Engadget posted a look at the state of Linux gaming in 2019, and it's not that positive. The writer posits that Valve's Steam is solely keeping Linux gaming alive.

Fast-forward nearly six years. Steam Machines puttered out as an idea, though Valve hasn't dropped its support for Linux. It maintains a Linux Steam client with 5,800 native games, and just last August, Valve unveiled Proton, a compatibility layer designed to make every Steam title run open-source-style. With Proton currently in beta, the number of Steam titles playable on Linux has jumped to 9,500. There are an estimated 30,000 games on Steam overall, so that's roughly one-in-three, and Valve is just getting started.

However, the percentage of PC players that actually use Linux has remained roughly the same since 2013, and it's a tiny fraction of the gaming market -- just about 2 percent. Linux is no closer to claiming the gaming world's crown than it was six years ago, when Newell predicted the open-source, user-generated-content revolution.

[...] The industry's lack of Linux love is just one reason Epic Games felt free to launch its new digital store -- the first true competition to Steam in about a decade -- without support for open-source operating systems. When the company unveiled the Epic Games Store in December, Linux fans immediately had questions: Would the marketplace work on their distros? If not, were there plans to support Linux down the line?

The most concrete answer came from Epic Games director of publishing strategy (and a creator of Steam Spy) Sergey Galyonkin on Twitter in late December: "It really isn't on the roadmap right now. Doesn't mean this won't change in the future, it's just we have so many features to implement." Epic Games didn't provide an update on its plans for this story.

[more...]

[...] "The pro of supporting Linux is the community," Super Meat Boy Forever creator Tommy Refenes said. "In my experience, Linux gamers tend to be the most appreciative gamers out there. If you support Linux at all, the chances are they will come out of the woodwork to thank you, offer to help with bugs, talk about your game, and just in general be pretty cool people. The con here unfortunately is the Linux gaming community is a very, very small portion of the PC gaming market."

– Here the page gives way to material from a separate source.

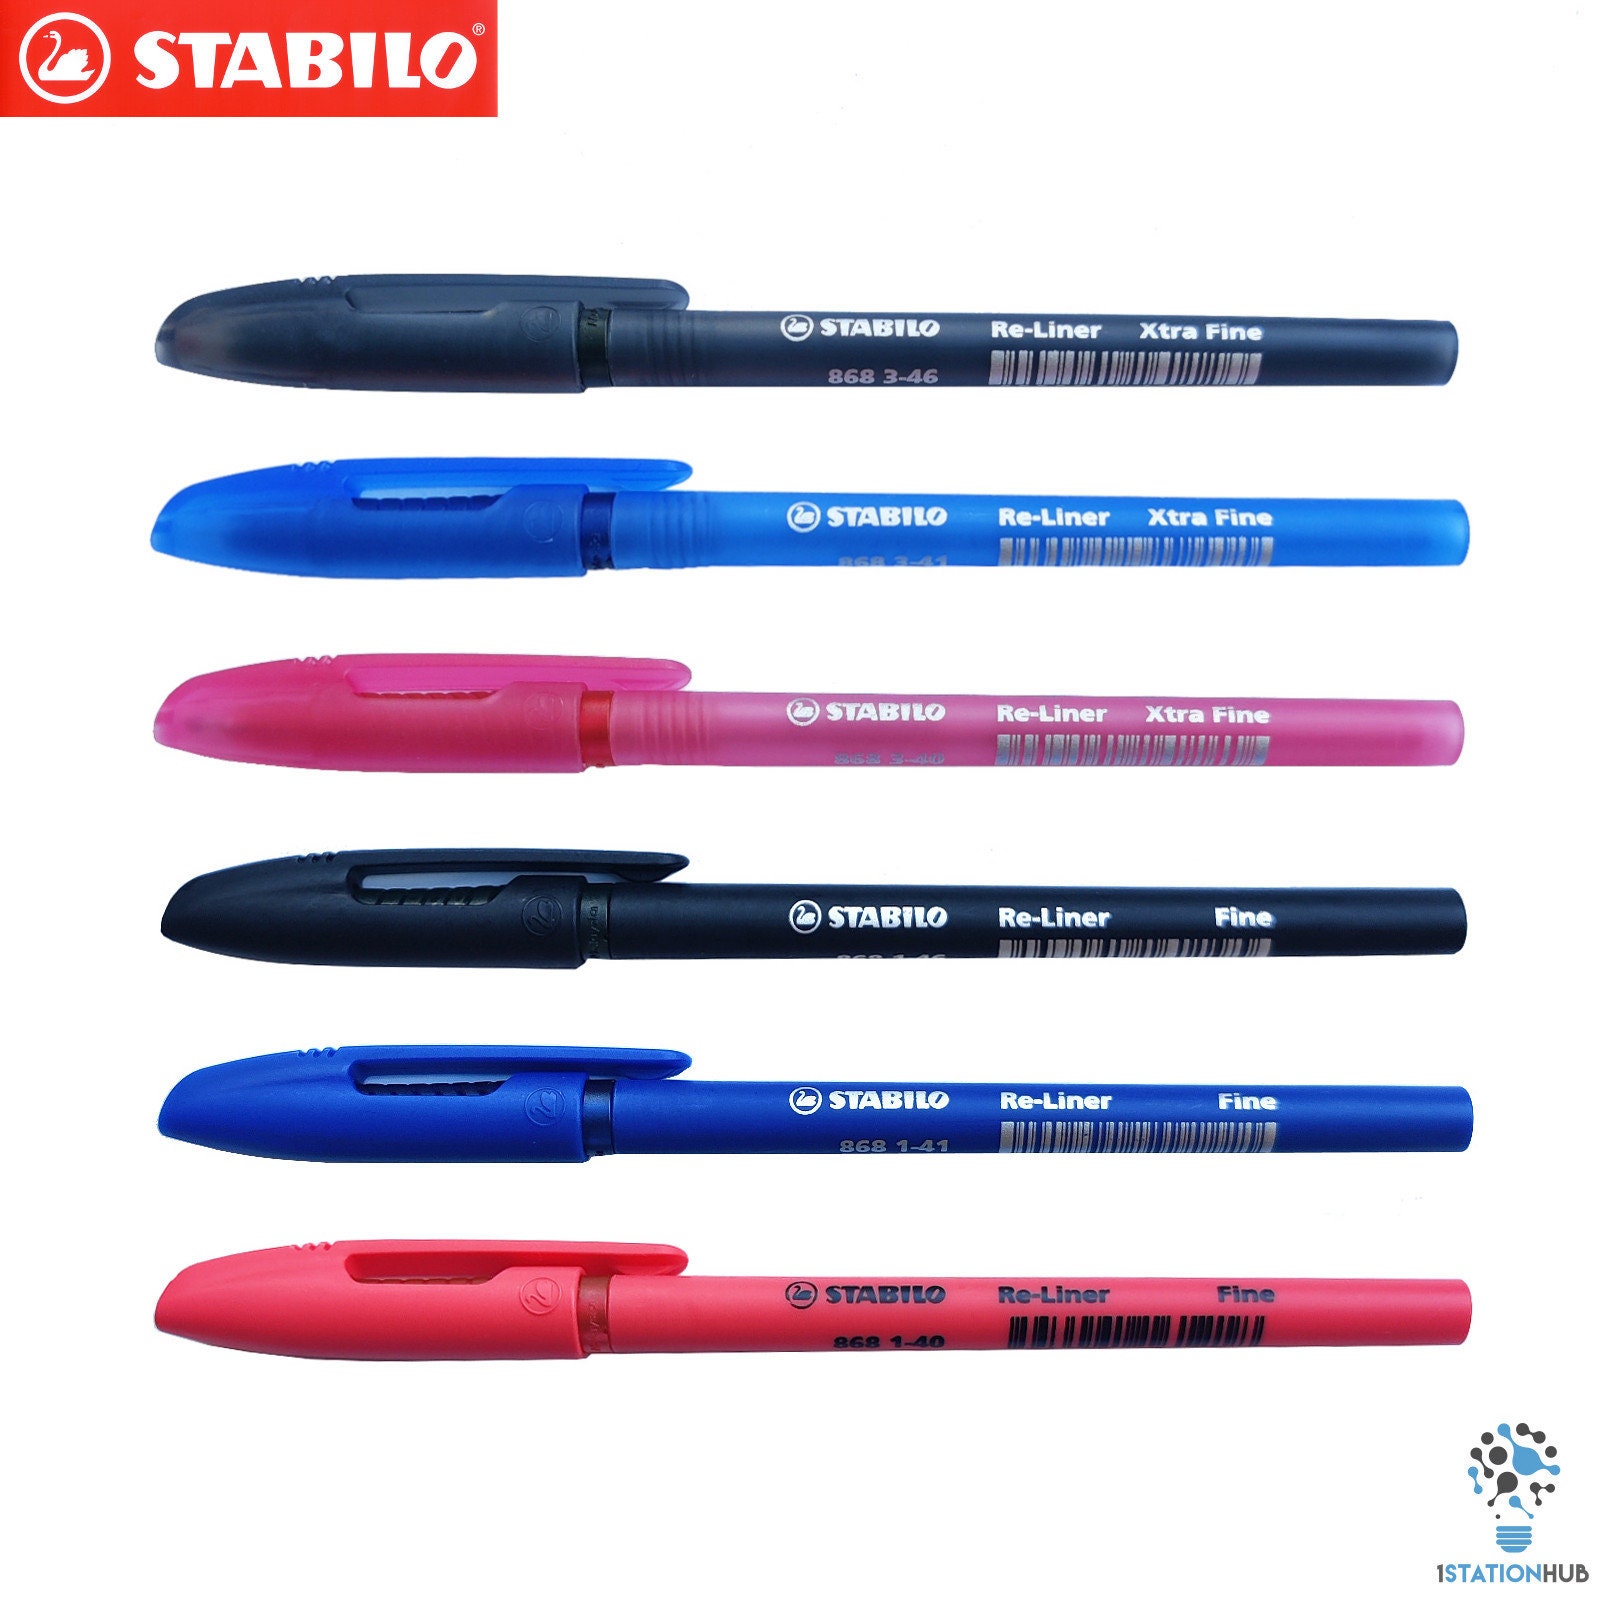 Stabilos – the best pen you've never heard of.

Refenes breaks it down as follows: "If I were to list how Super Meat Boy has made money since the Linux version dropped, starting with the highest earner, the list would be: Windows, Xbox, Playstation 4, Switch, various licensing agreements, Mac, Playstation Vita, WiiU, merchandise sales, NVidia Shield, interest from bank accounts, Linux."

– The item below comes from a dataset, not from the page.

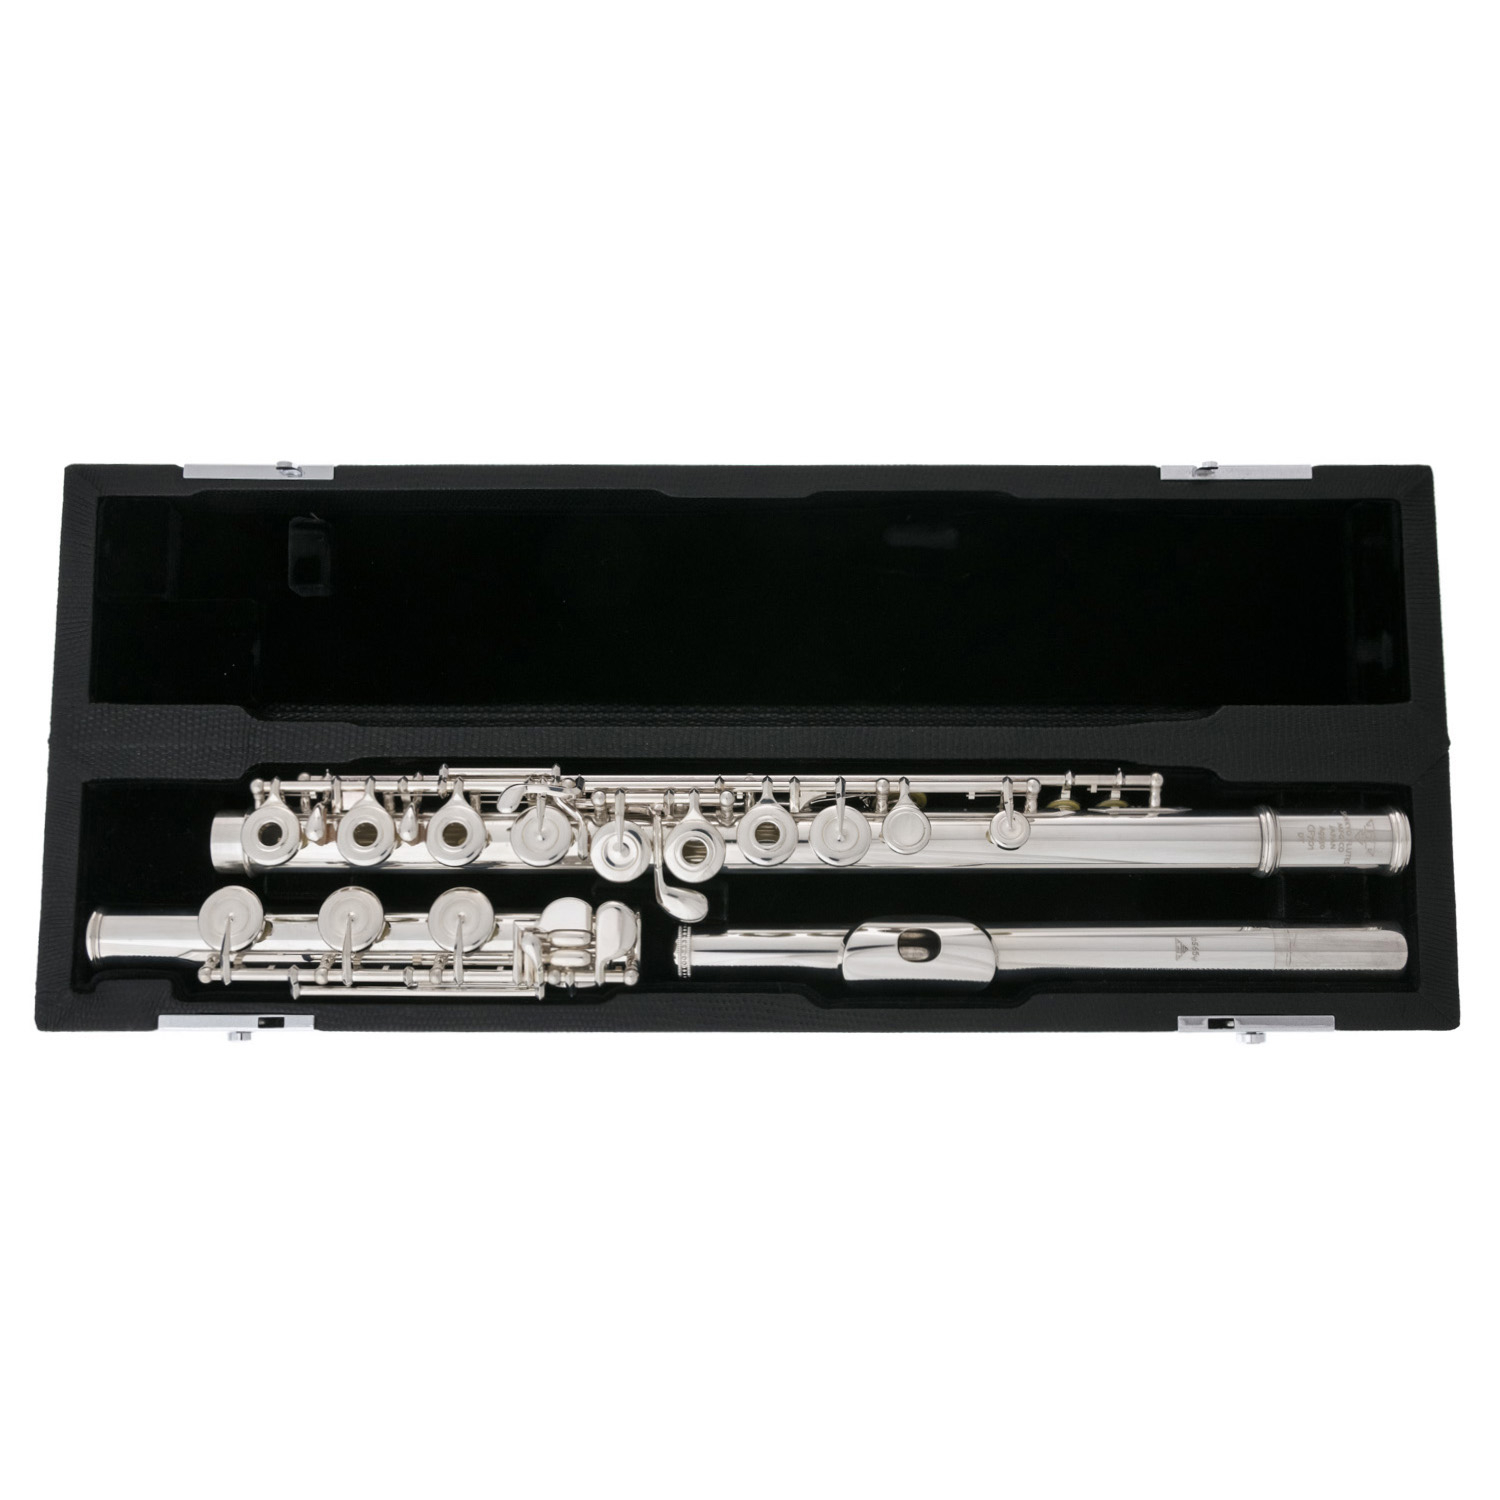 Sankyo Flute - 601 BE Handmade

[...] "My hope is Steam's Proton project really takes off and Linux support is invisible to me," he said. "In an age of three consoles, PCs with millions of different configurations, and a market that is getting increasingly crowded by the day, the last thing I want to do is take time and money to support Linux when historically this has offered no marketing or financial advantage. But if Steam does the heavy lifting, then that's a win for everyone."

I've seen several video game developers outright cancel native Linux ports of their video games since the announcement of Steam's Proton over the past few months. Does this mean that there will be even fewer new native Linux video games in the near future?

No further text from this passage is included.